__Prompt__.
Quote every line of the data below as it stands, omitting pictures.

__Supplied information__.
* * * * * * * * *

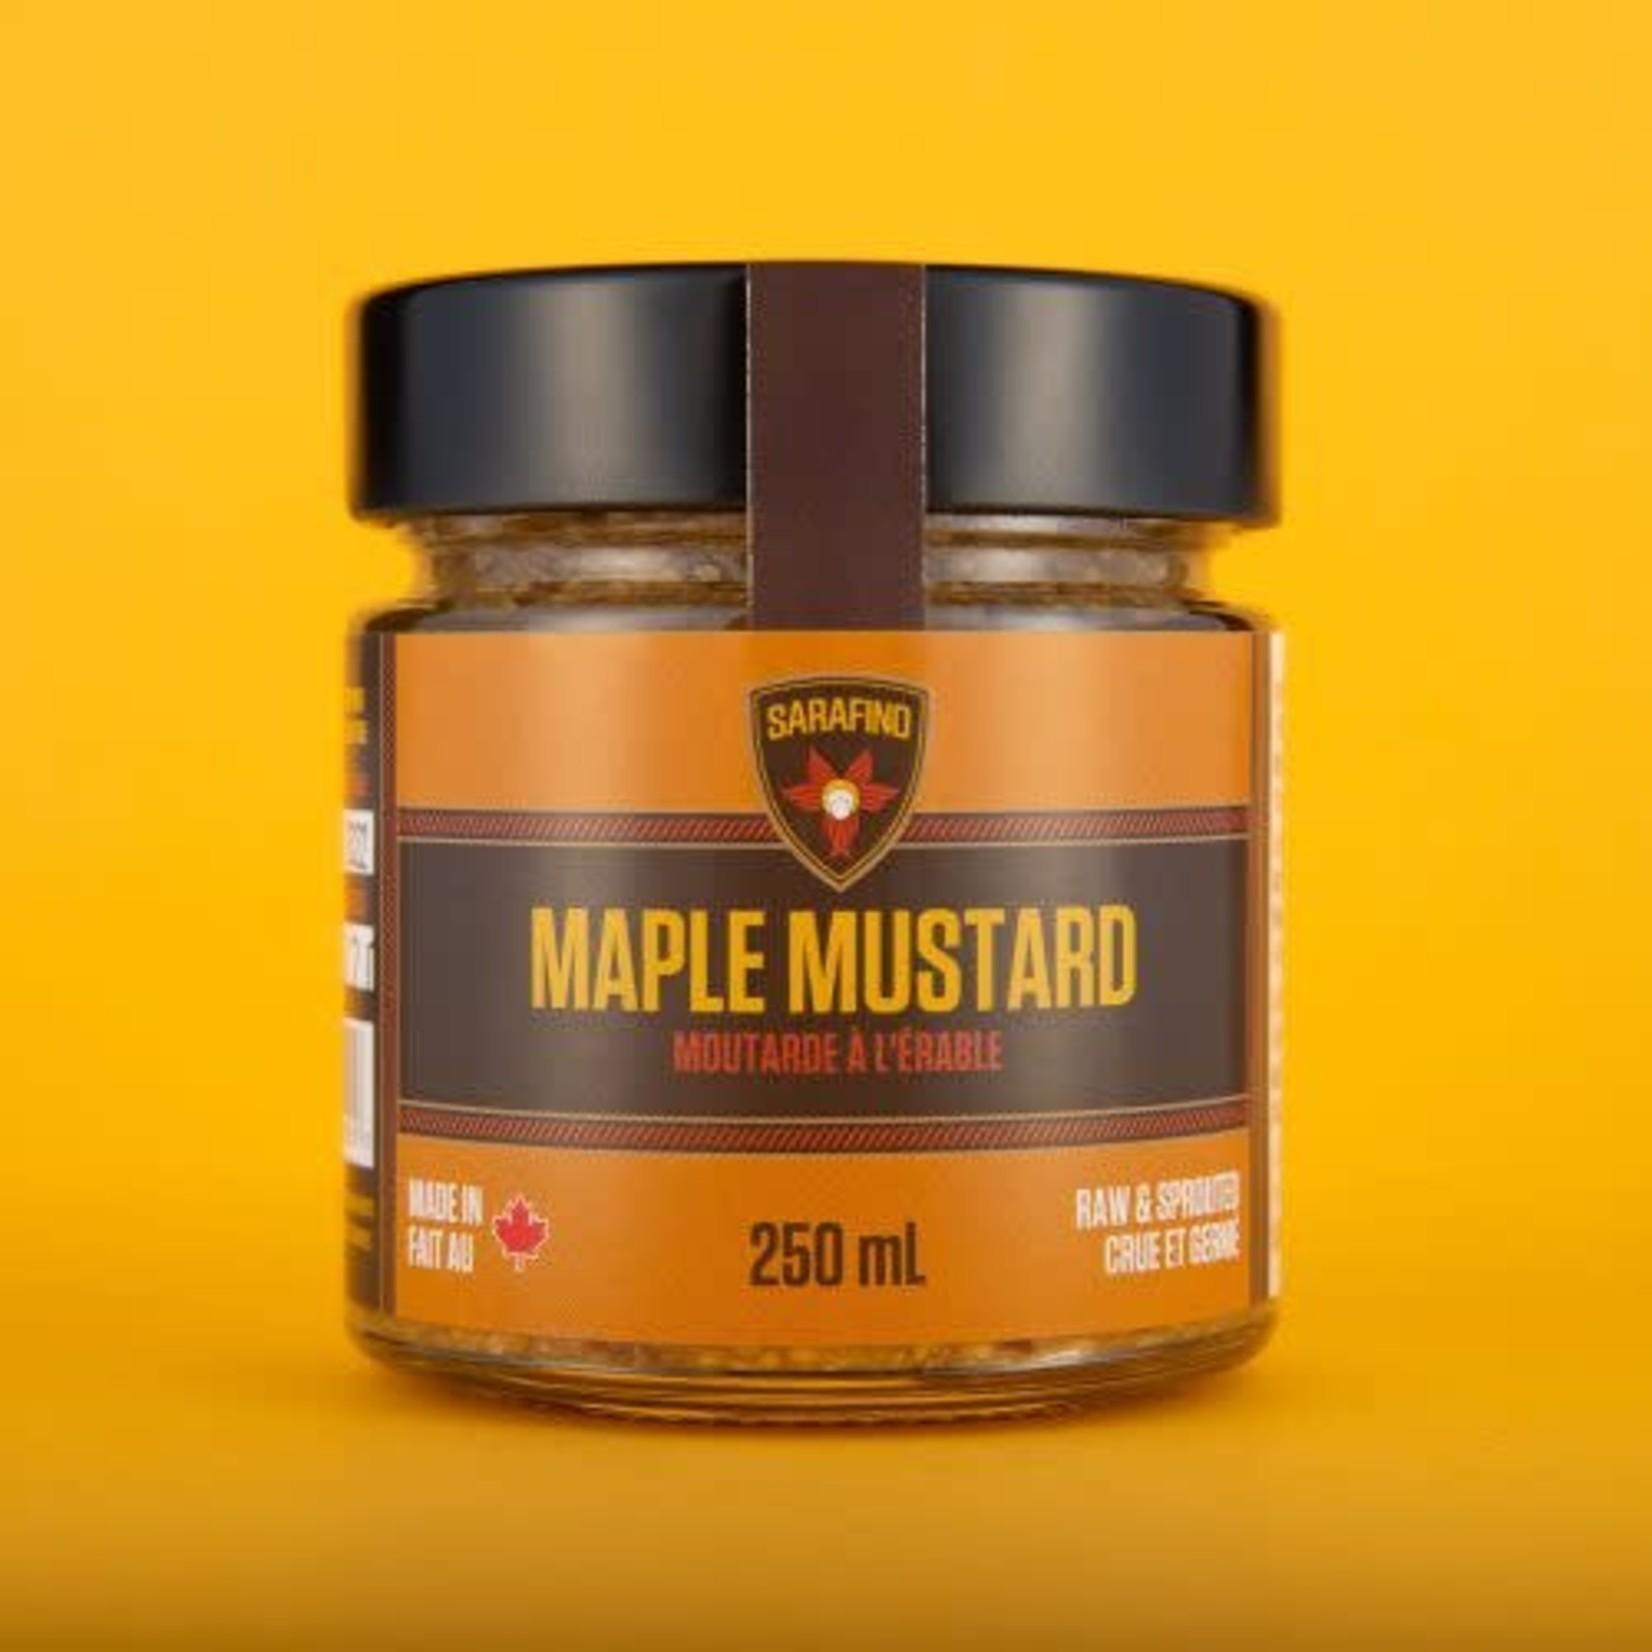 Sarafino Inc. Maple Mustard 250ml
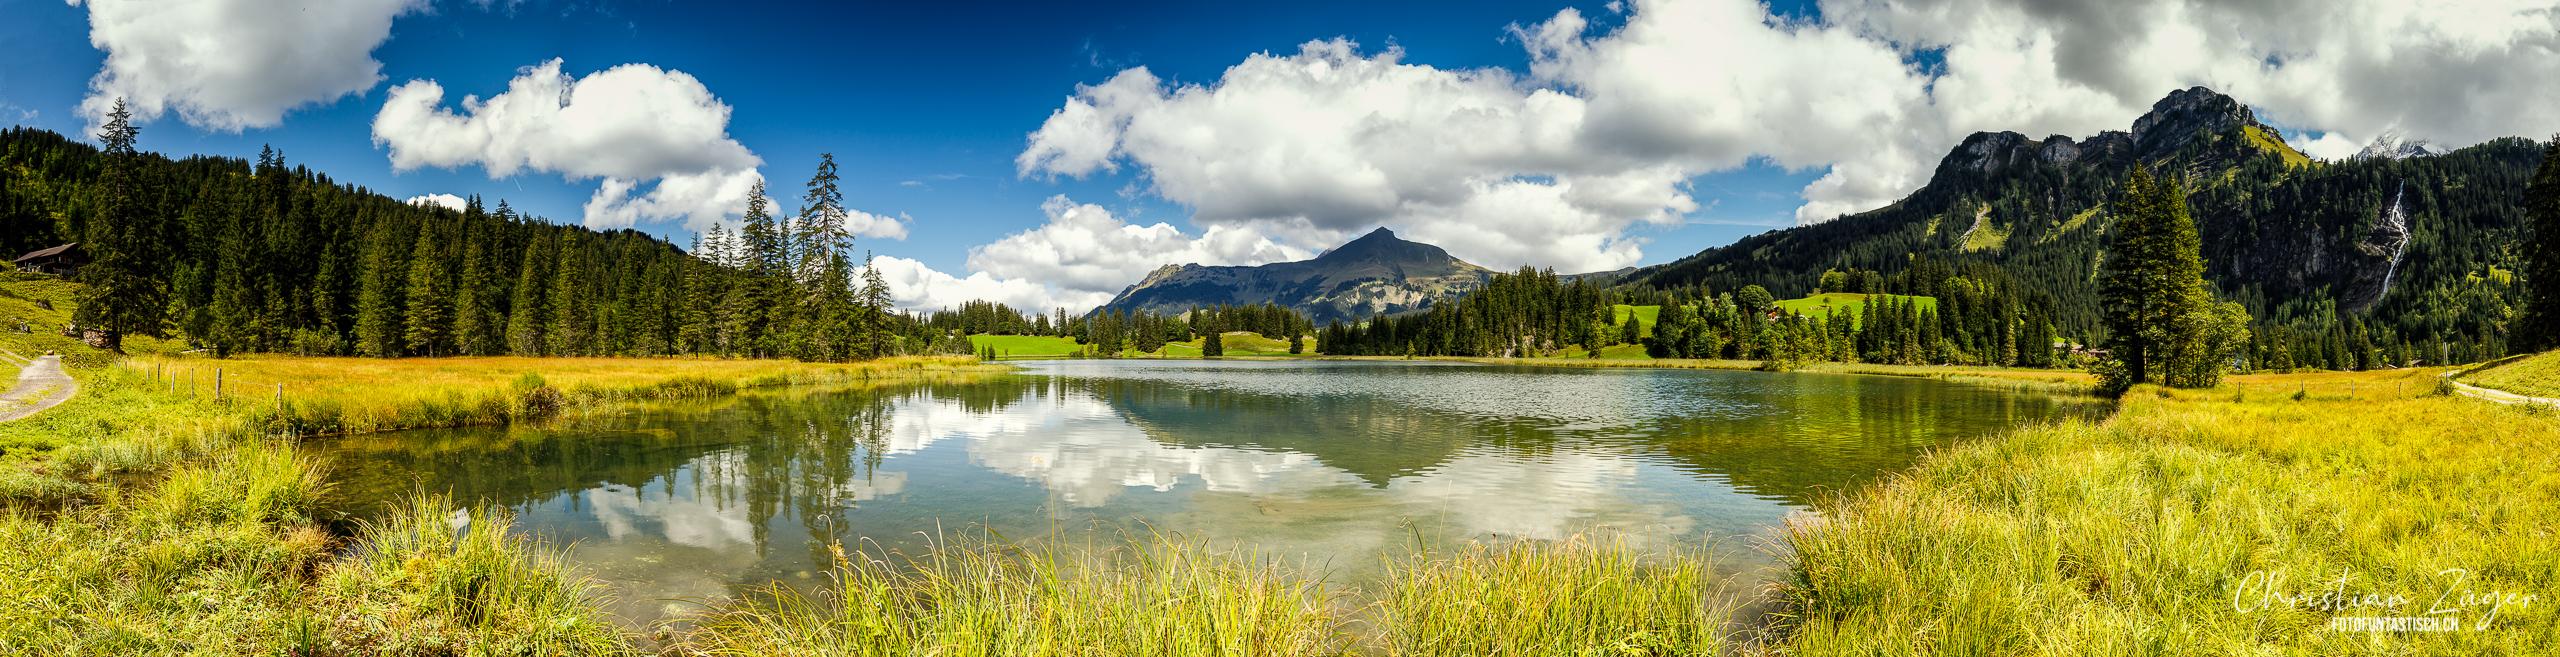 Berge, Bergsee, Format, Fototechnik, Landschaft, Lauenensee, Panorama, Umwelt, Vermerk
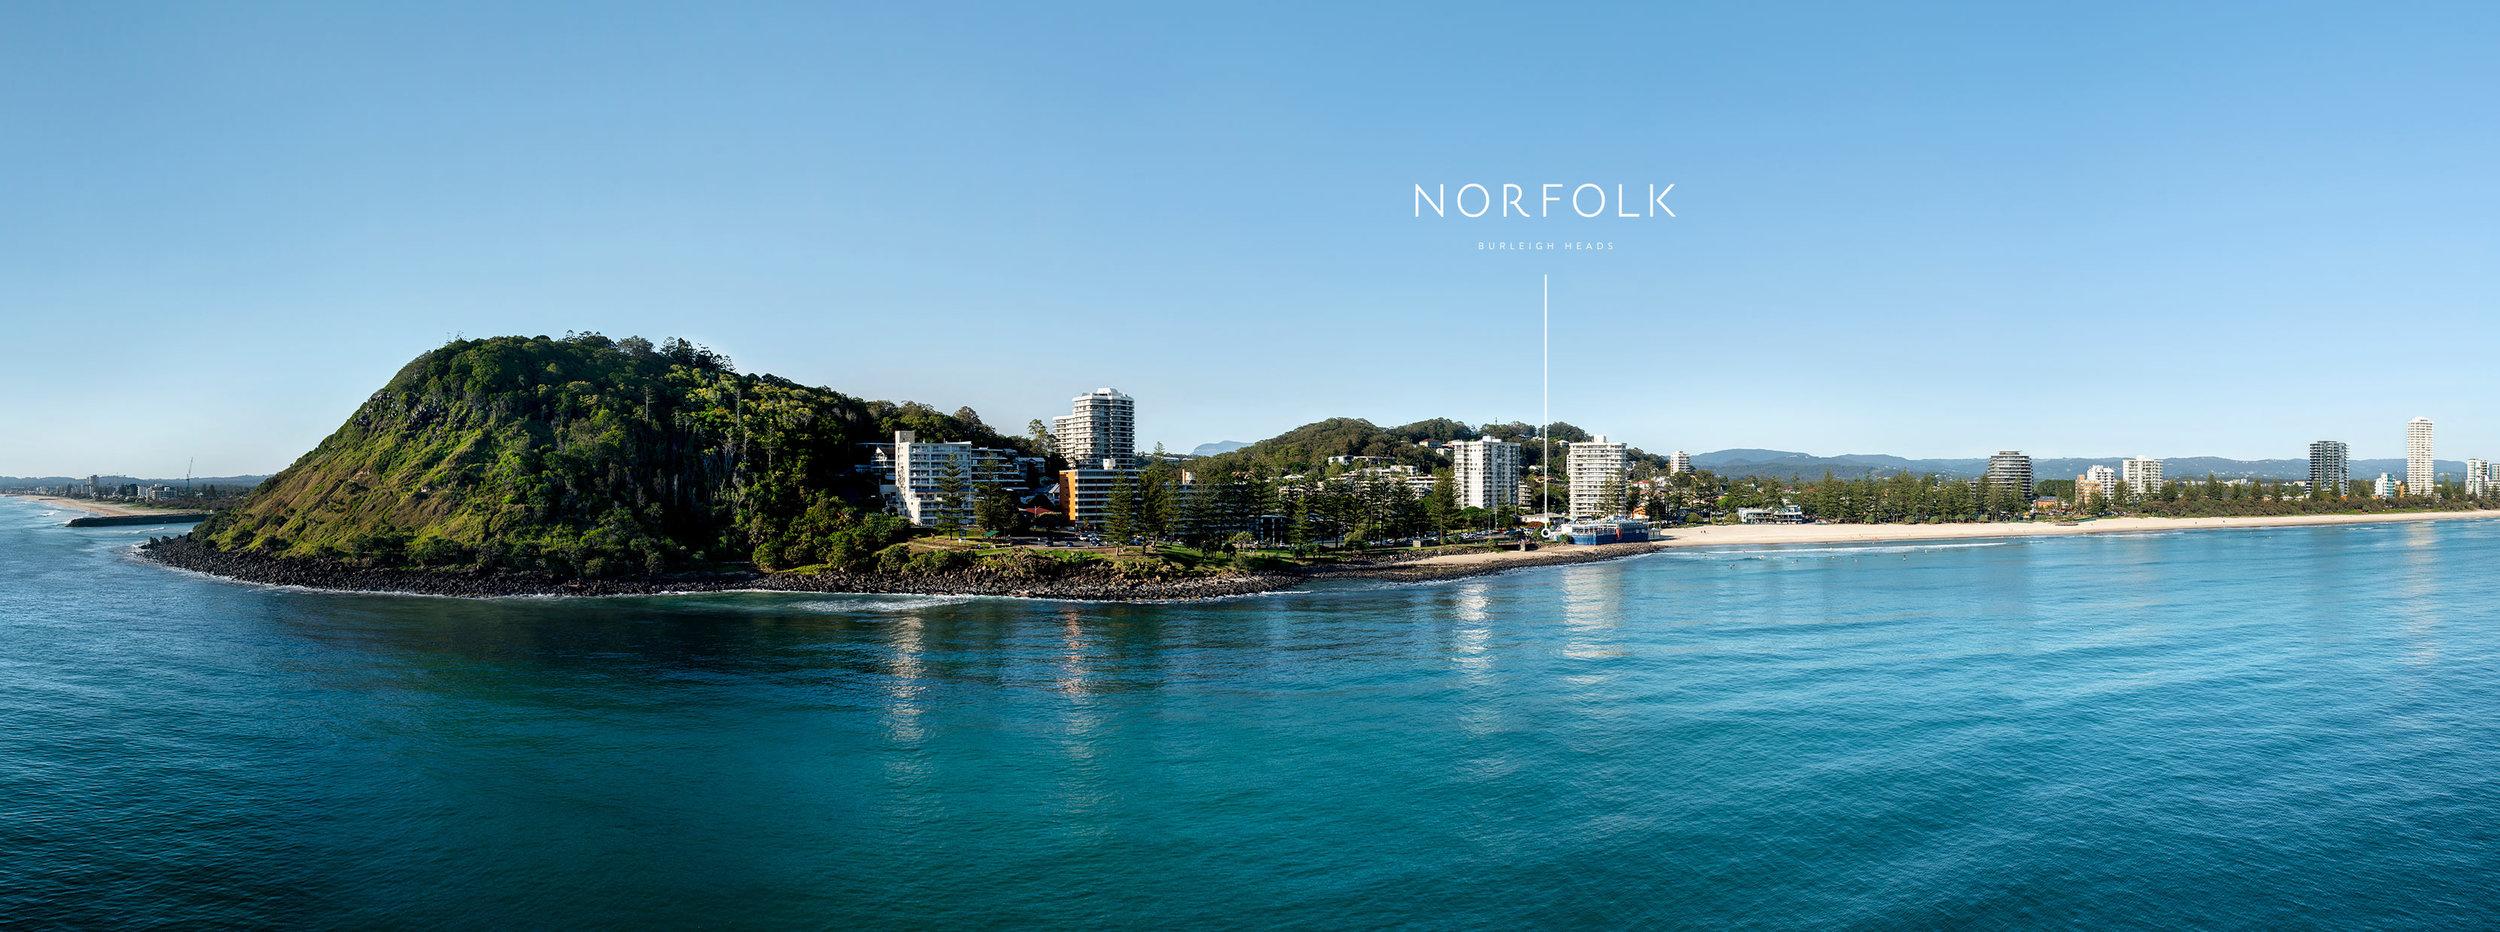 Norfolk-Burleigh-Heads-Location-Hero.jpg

* * * * * * * * *

__Final answer__.
 Sarafino Inc. Maple Mustard 250ml
 Berge, Bergsee, Format, Fototechnik, Landschaft, Lauenensee, Panorama, Umwelt, Vermerk
 Norfolk-Burleigh-Heads-Location-Hero.jpg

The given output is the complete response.